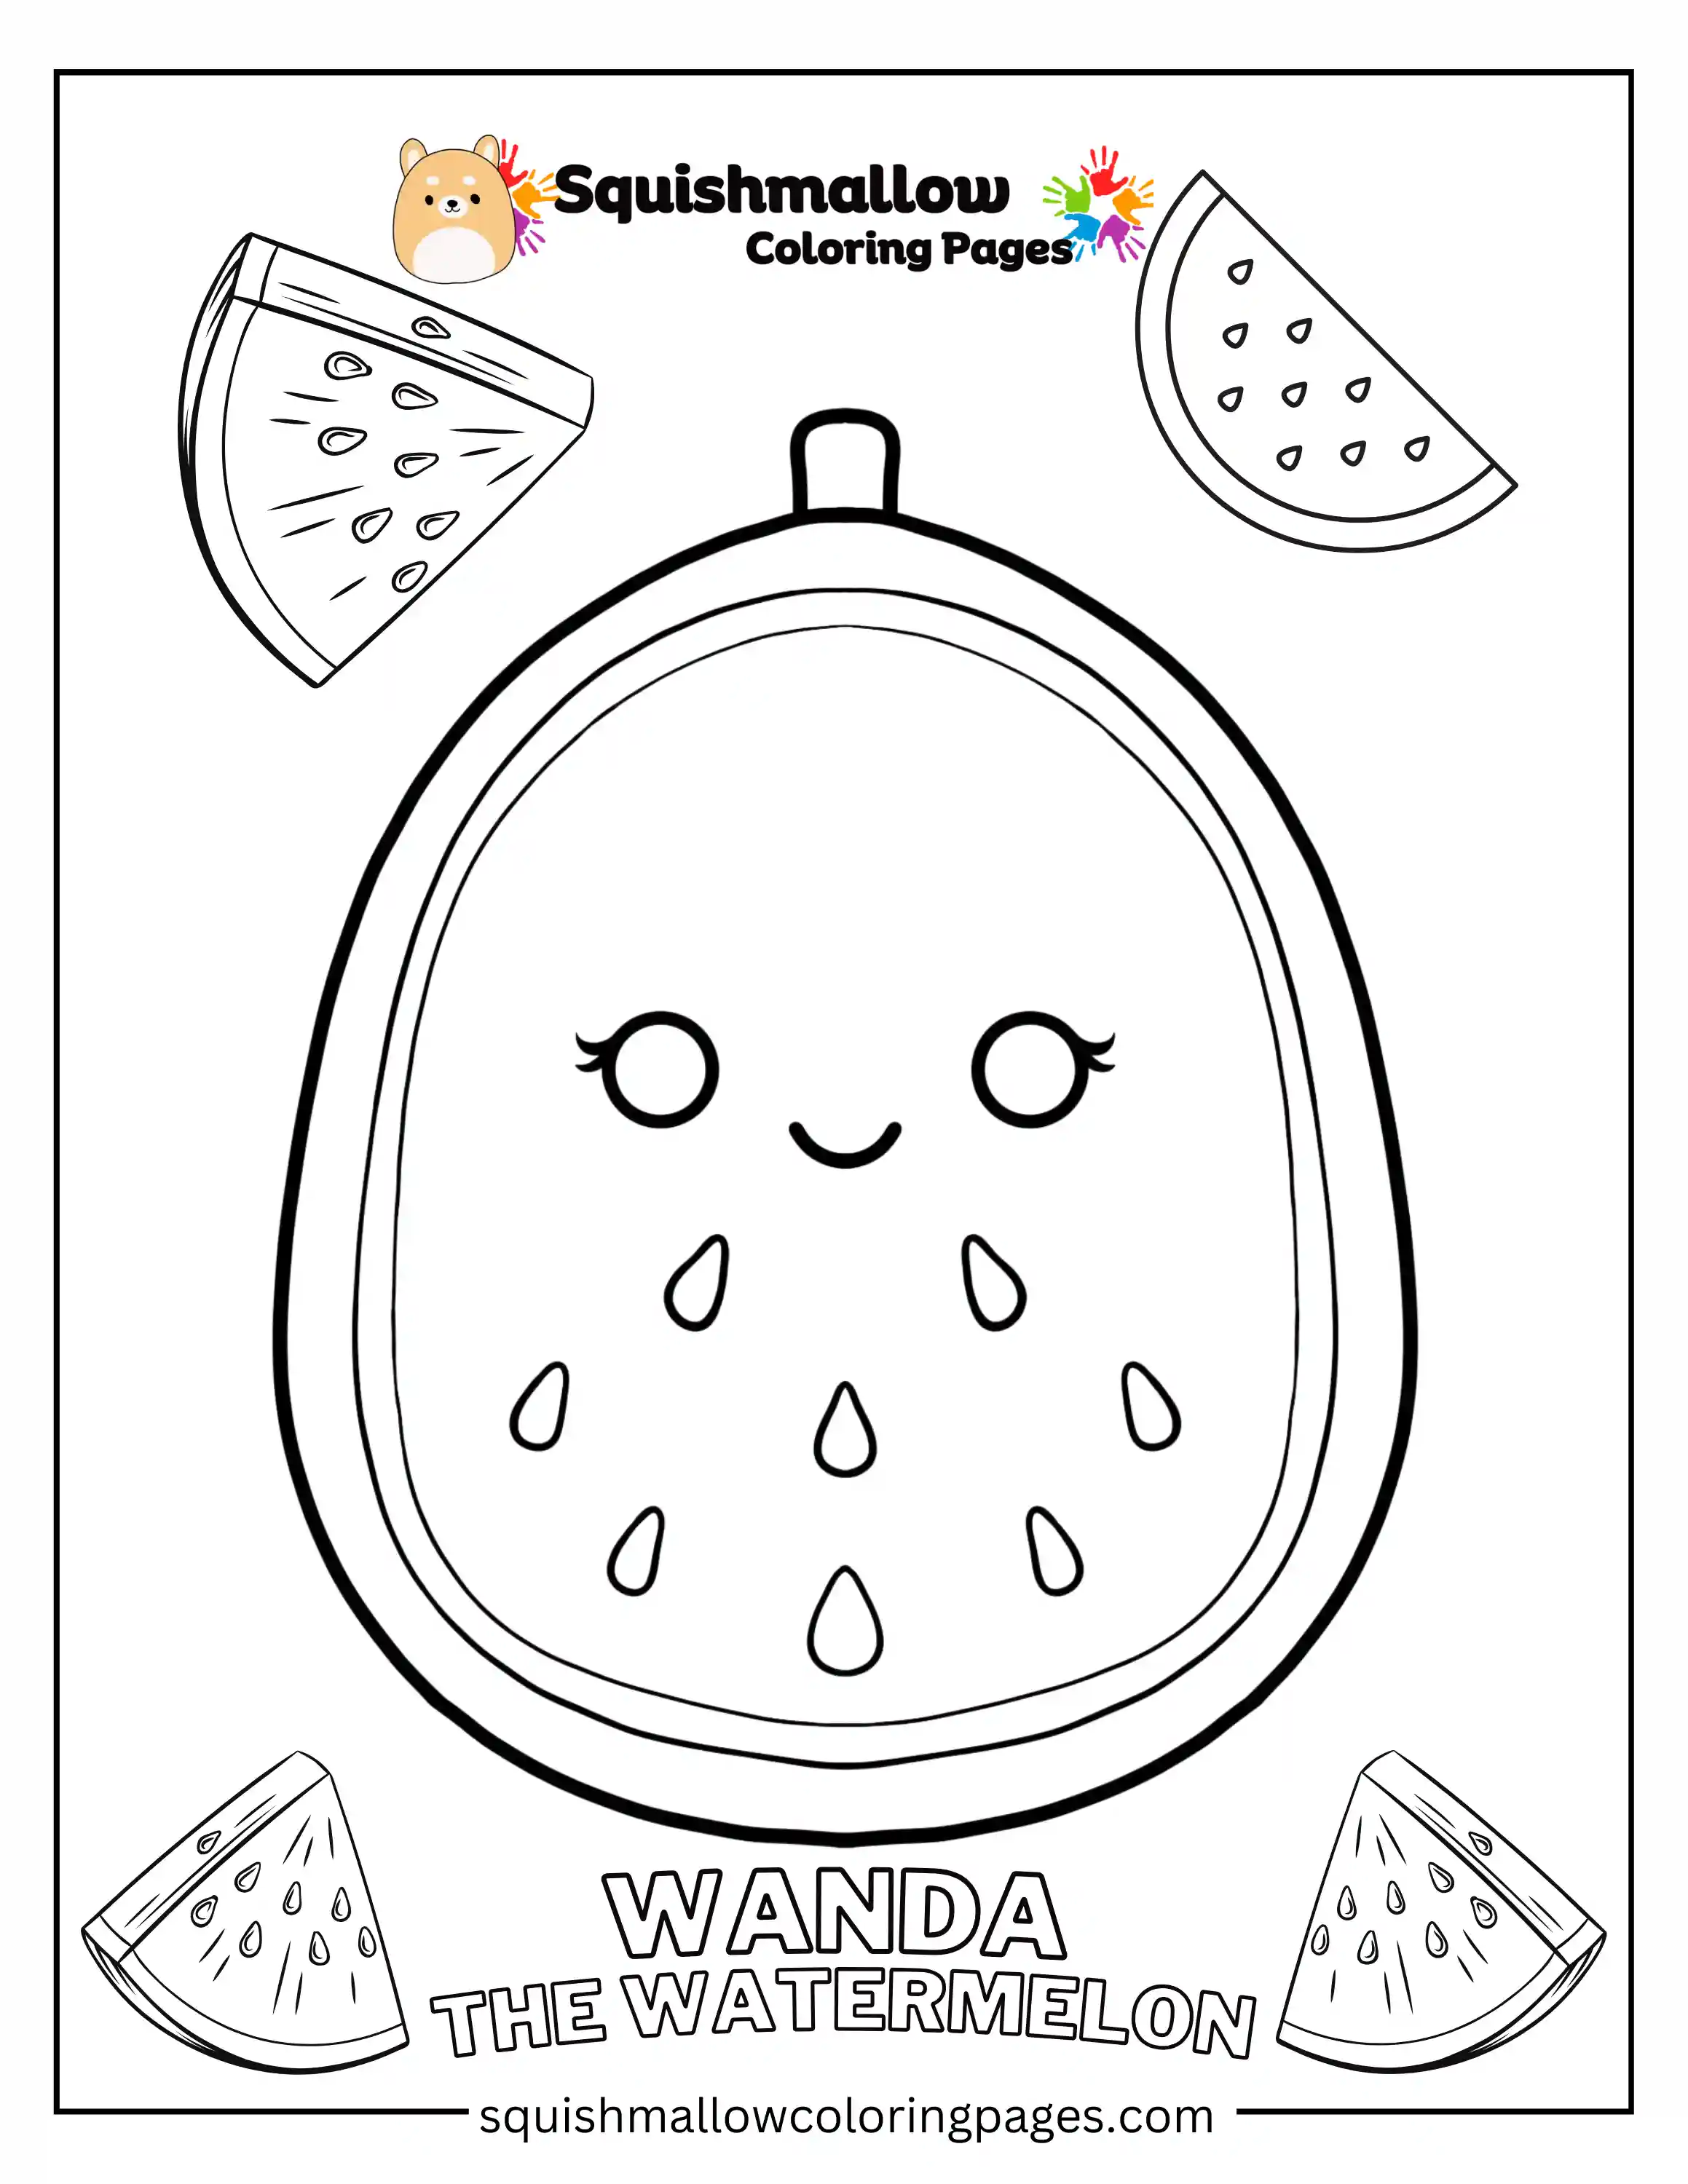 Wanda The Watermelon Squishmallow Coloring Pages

★ ★ ★ ★ ★

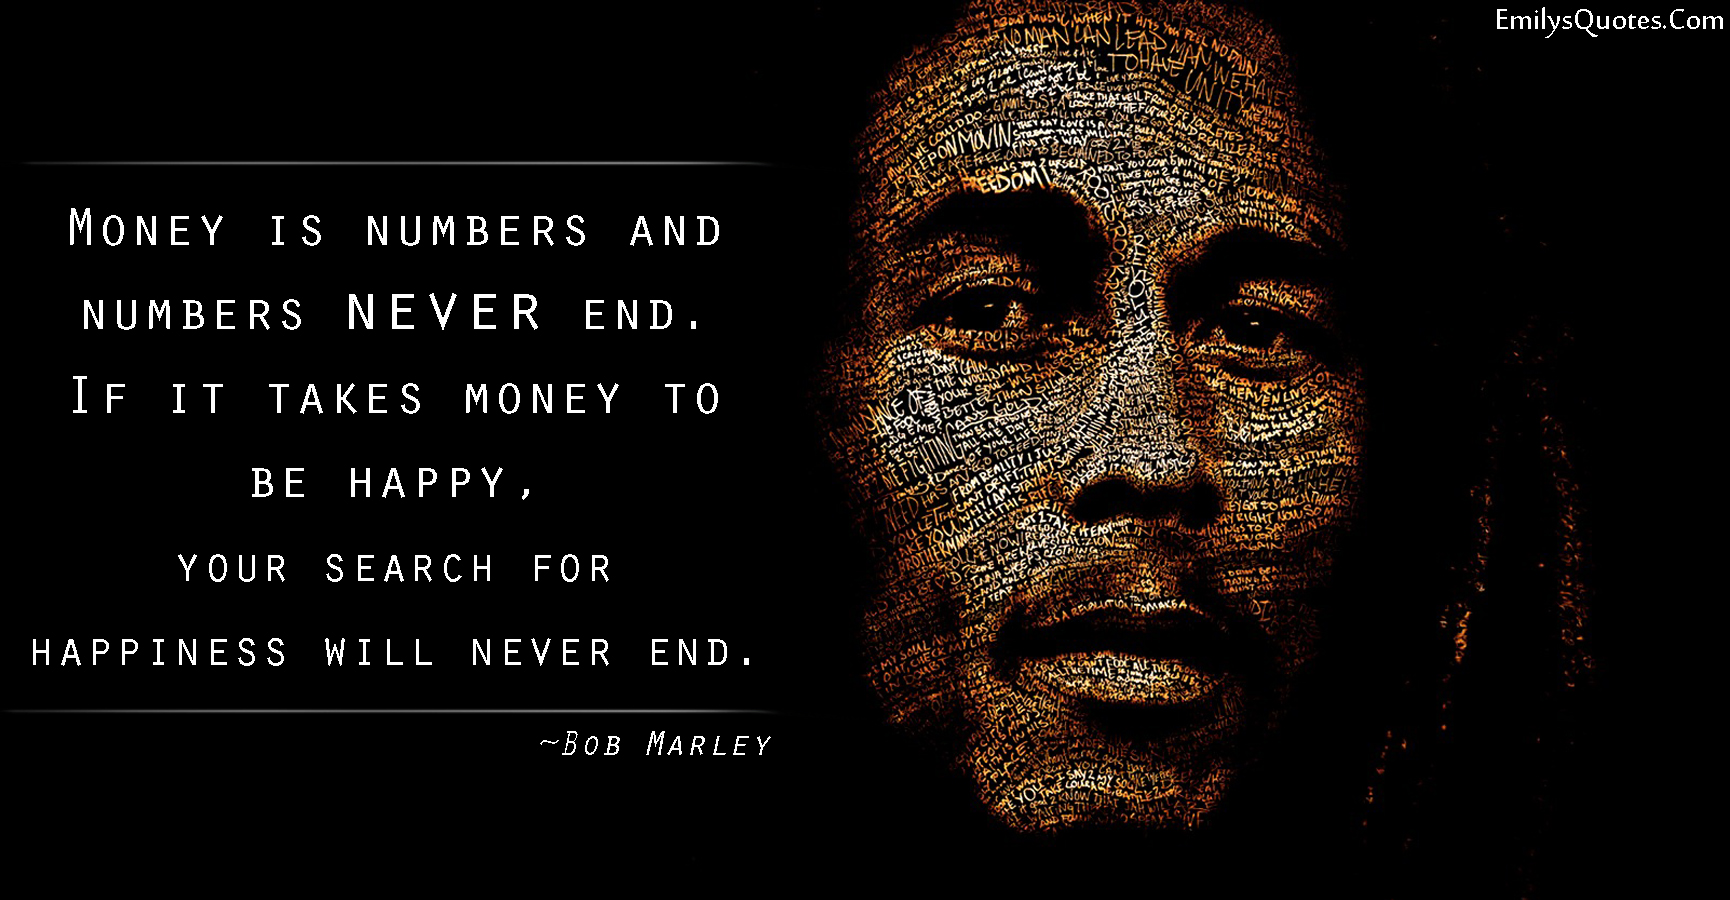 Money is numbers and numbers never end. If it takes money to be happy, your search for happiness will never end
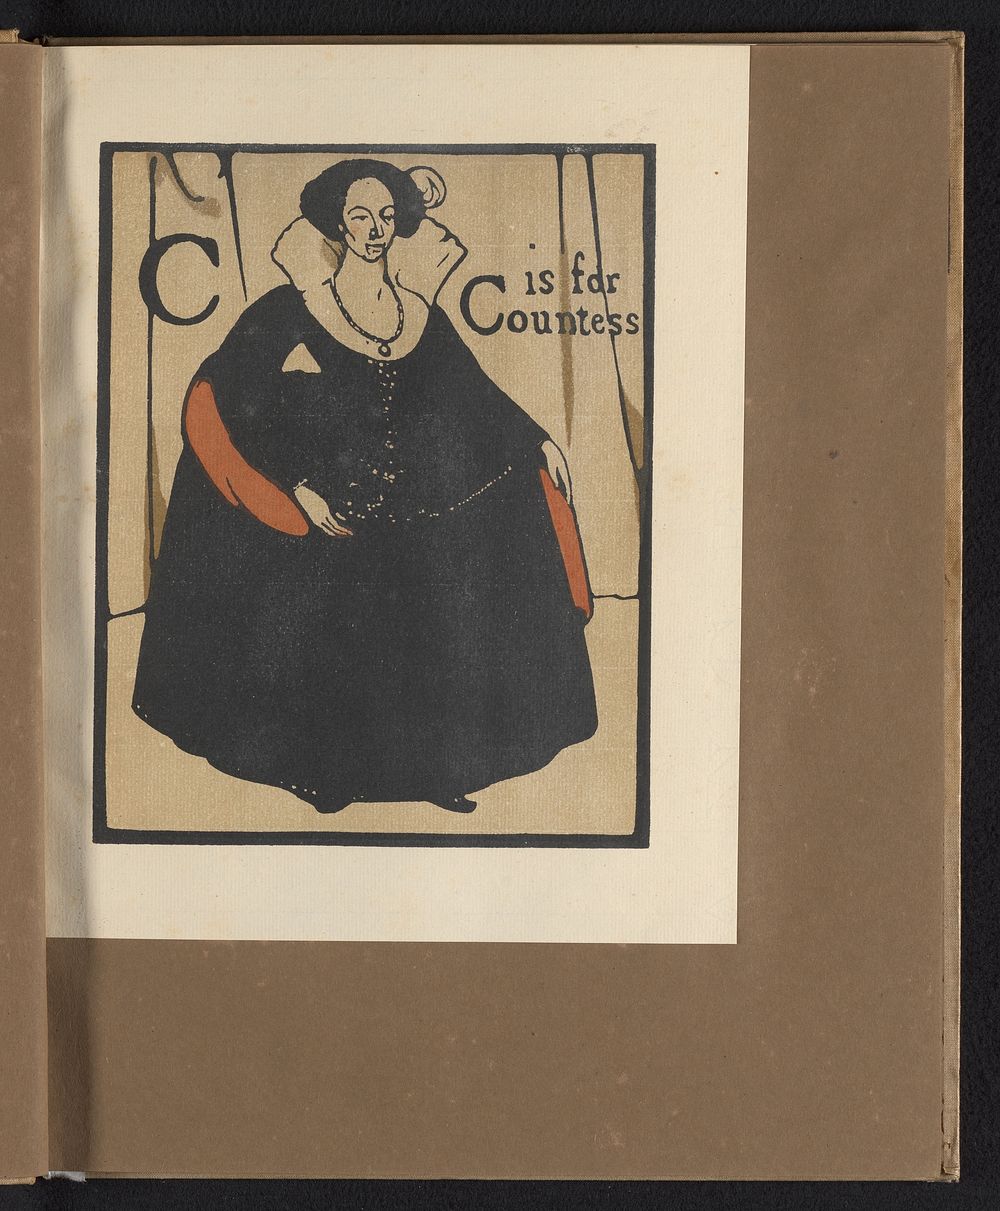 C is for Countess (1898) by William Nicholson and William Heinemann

★ ★ ★ ★ ★

| YOUR TASK |
Copy only what lies between the line with "Money is numbers" and the line with "C is for Countess", those two lines included, exactly as given above; pictures stay out.

| SOLUTION TO THIS EXERCISE |
 Money is numbers and numbers never end. If it takes money to be happy, your search for happiness will never end
 C is for Countess (1898) by William Nicholson and William Heinemann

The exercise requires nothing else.